The driver supports RSS documents in RSS 2.0 or Atom 1.0 format.

It also supports the 3 ways of encoding location : GeoRSS simple, GeoRSS GML and W3C Geo (the later being deprecated).

The driver can read and write documents without location information as well.

The default datum for GeoRSS document is the WGS84 datum (EPSG:4326). Although that GeoRSS locations are encoded in latitude-longitude order in the XML file, all coordinates reported or expected by the driver are in longitude-latitude order. The longitude/latitude order used by OGR is meant for compatibility with most of the rest of OGR drivers and utilities. For locations encoded in GML, the driver will support the srsName attribute for describing other SRS.

Simple and GML encoding support the notion of a box as a geometry. This will be decoded as a rectangle (Polygon geometry) in OGR Simple Feature model.

A single layer is returned while reading a RSS document. Features are retrieved from the content of <item> (RSS document) or <entry> (Atom document) elements.

Driver capabilities

Supports Create()

This driver supports the GDALDriver::Create() operation

Supports Georeferencing

This driver supports georeferencing

Supports VirtualIO

This driver supports virtual I/O operations (/vsimem/, etc.)

Encoding issues

Expat library supports reading the following built-in encodings :

  • US-ASCII

  • UTF-8

  • UTF-16

  • ISO-8859-1

OGR 1.8.0 adds supports for Windows-1252 encoding (for previous versions, altering the encoding mentioned in the XML header to ISO-8859-1 might work in some cases).

The content returned by OGR will be encoded in UTF-8, after the conversion from the encoding mentioned in the file header is.

If your GeoRSS file is not encoded in one of the previous encodings, it will not be parsed by the GeoRSS driver. You may convert it into one of the supported encoding with the iconv utility for example and change accordingly the encoding parameter value in the XML header.

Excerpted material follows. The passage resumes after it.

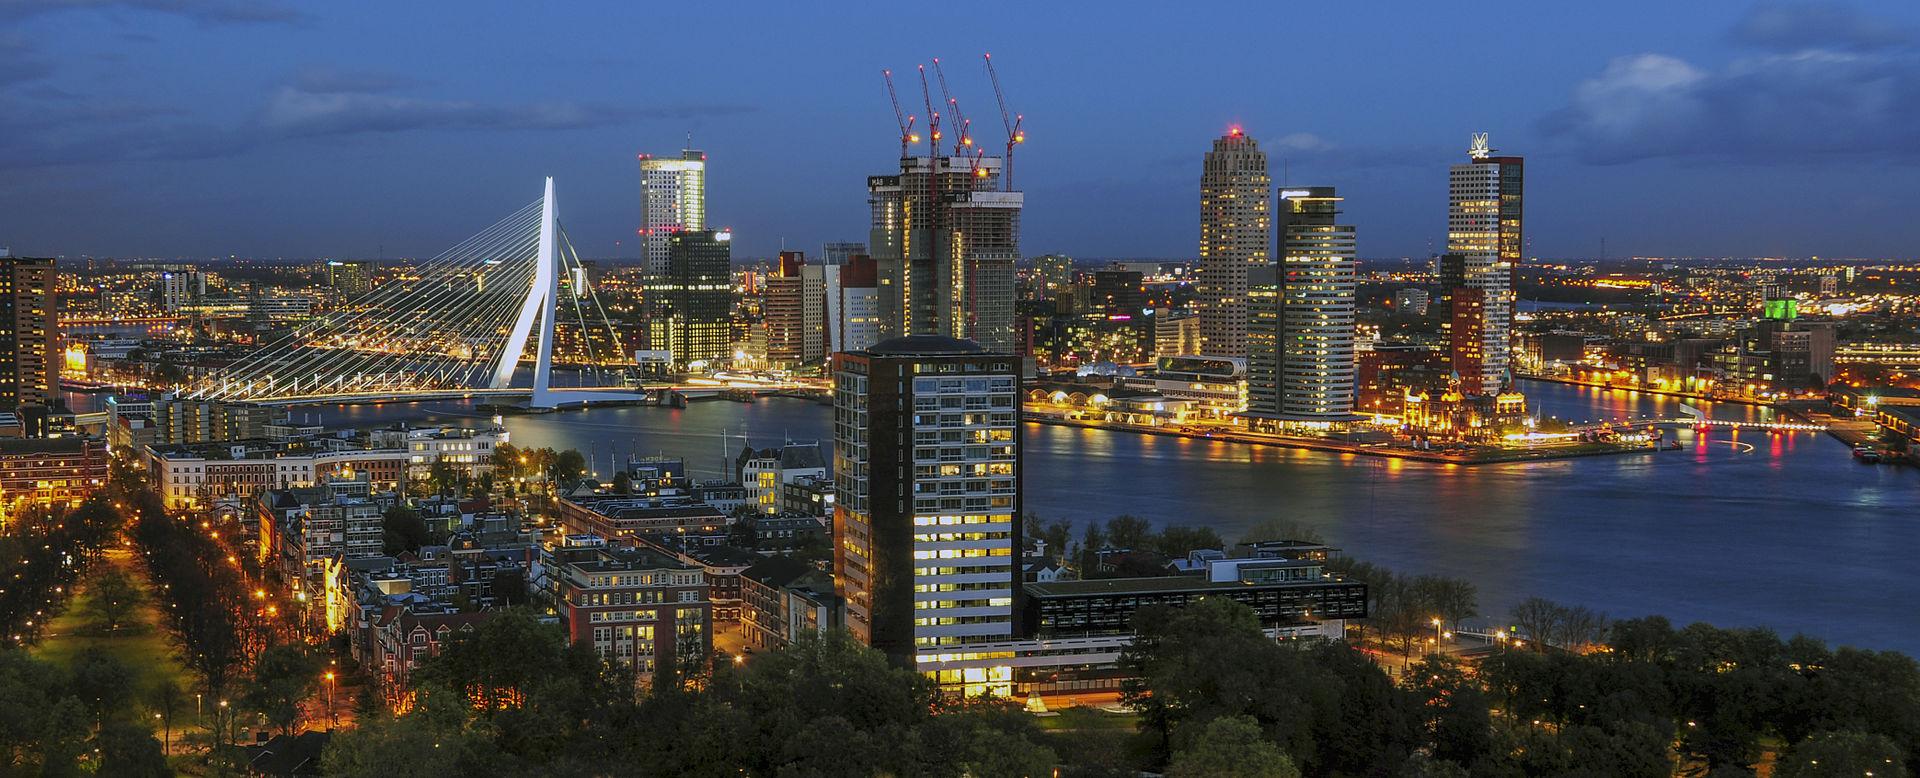 รอตเตอร์ดัม-เมืองยุคใหม่

When writing a GeoRSS file, the driver expects UTF-8 content to be passed in.

Field definitions

While reading a GeoRSS document, the driver will first make a full scan of the document to get the field definitions.

The driver will return elements found in the base schema of RSS channel or Atom feeds. It will also return extension elements, that are allowed in namespaces.

Attributes of first level elements will be exposed as fields.

Complex content (elements inside first level elements) will be returned as an XML blob.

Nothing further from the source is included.